活性氧与蜡样芽孢杆菌菌膜形成的相关性

夏俊芳，潘 苗，奇那尔，玛格撇尔，古丽娜孜，武 运

（新疆农业大学食品科学与药学学院，新疆 乌鲁木齐 830052）

蜡样芽孢杆菌（Bacillus cereus）是一种常见的革兰氏阳性食源性病原体，广泛分布于各种环境中，并形成耐酸、耐热和耐干燥的孢子[1]。该病原菌会引起全身感染和食物中毒，如腹泻、呕吐、脑膜炎、败血症、眼内炎和牙周炎等[2]。Bacillus cereus经常在生鲜乳及加工乳中被发现且可以附着在加工机械的表面，如阀门、管道和泵等，甚至形成菌膜，菌膜中的病原体对机械作用或常用消毒剂具有较强的抵抗力，会带来严重的健康风险，人体大约80%的细菌感染与菌膜有关[3]。在乳品加工线上形成的Bacillus cereus菌膜会增加该菌反复污染的风险，降低乳制品的质量，导致食品腐败从而引起食品安全问题[4]，对乳制品行业造成极大的威胁[5]。如何彻底消除乳品环境中的菌膜已成为一大挑战[6]，为此，了解Bacillus cereus菌膜的形成至关重要，制定合理的方案以消除乳品加工业中Bacillus cereus菌膜的污染问题。

目前，关于Bacillus cereus菌膜形成的研究主要集中在内部因素和外部因素两个方面，内部因素如Sin R[7]、Cod Y[8]、Sigma54（RpoN）[9]基因编码的蛋白质被认为参与Bacillus cereus菌膜的形成，外部因素包括酸碱度、温度、营养成分和细菌特性等[10−11]。
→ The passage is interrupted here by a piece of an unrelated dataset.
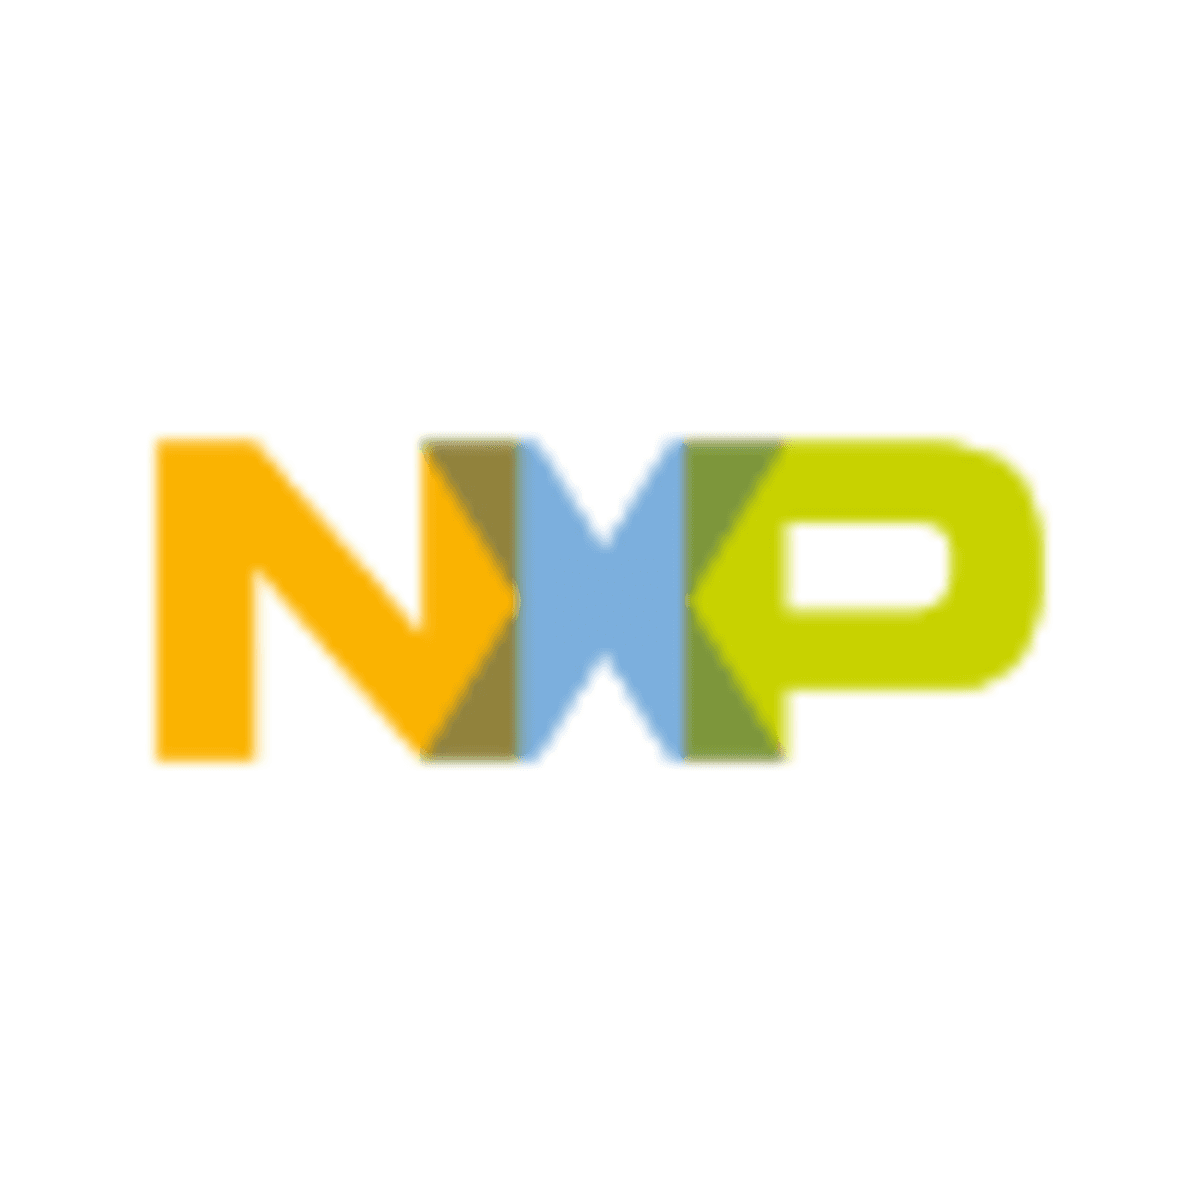 NXP Semiconductors maakt kwartaal- en jaarresultaten bekend image

CORCIONIVOSCHI等[12]通过对细菌Noxs研究综合分析后（Noxs是可以专一催化产生活性氧（ROS）酶类）提出，Noxs介导产生的ROS可能是细菌的一种重要信号分子，ROS可能参与食源性致病菌菌膜的形成，细菌菌膜形成中通常会伴随ROS的产生，但其对菌膜形成的影响尚无定论，如SHIVAPRASAD等[13]研究发现维生素C通过产生ROS使大肠杆菌（Escherichia coli）EMC17菌株氧化应激抑制其菌膜形成，菌膜基因表达下调；SUO等[14]研究发现超氧化物歧化酶缺失的单核细胞增生李斯特氏菌（Listeria monocytogenes）突变体中ROS生成量升高，菌膜形成能力显著下降；WHITE等[15]研究发现过氧化氢酶（katA）基因破坏的奇异变形杆菌（Proteus mirabilis）ROS水平增加，菌膜生物量减少，但KULKARNI等[16]发现香烟烟雾（ROS存在）下增加金黄色葡萄球菌（Staphylococcus aureus）菌膜的形成；VILLA等[17]指出持续的外源ROS处理增加棕色固氮杆菌（Azotobacter vinelandii）野生型菌株（UW136）菌膜形成。WANG等[18]研究发现Bacillus cereus（ATCC14579）在黄素腺嘌呤二核苷酸刺激下增大Nox2转化率，证实Bacillus cereus中存在Noxs活性，活性部位存在于细胞膜上，因此，ROS与Bacillus cereus菌膜的形成和基因调控相关，但ROS在Bacillus cereus代谢或菌膜形成中的确切作用仍不清楚，且多数研究中的菌株并非来源于食品分离菌株，菌株差异性导致研究结果对实际指导的意义有限。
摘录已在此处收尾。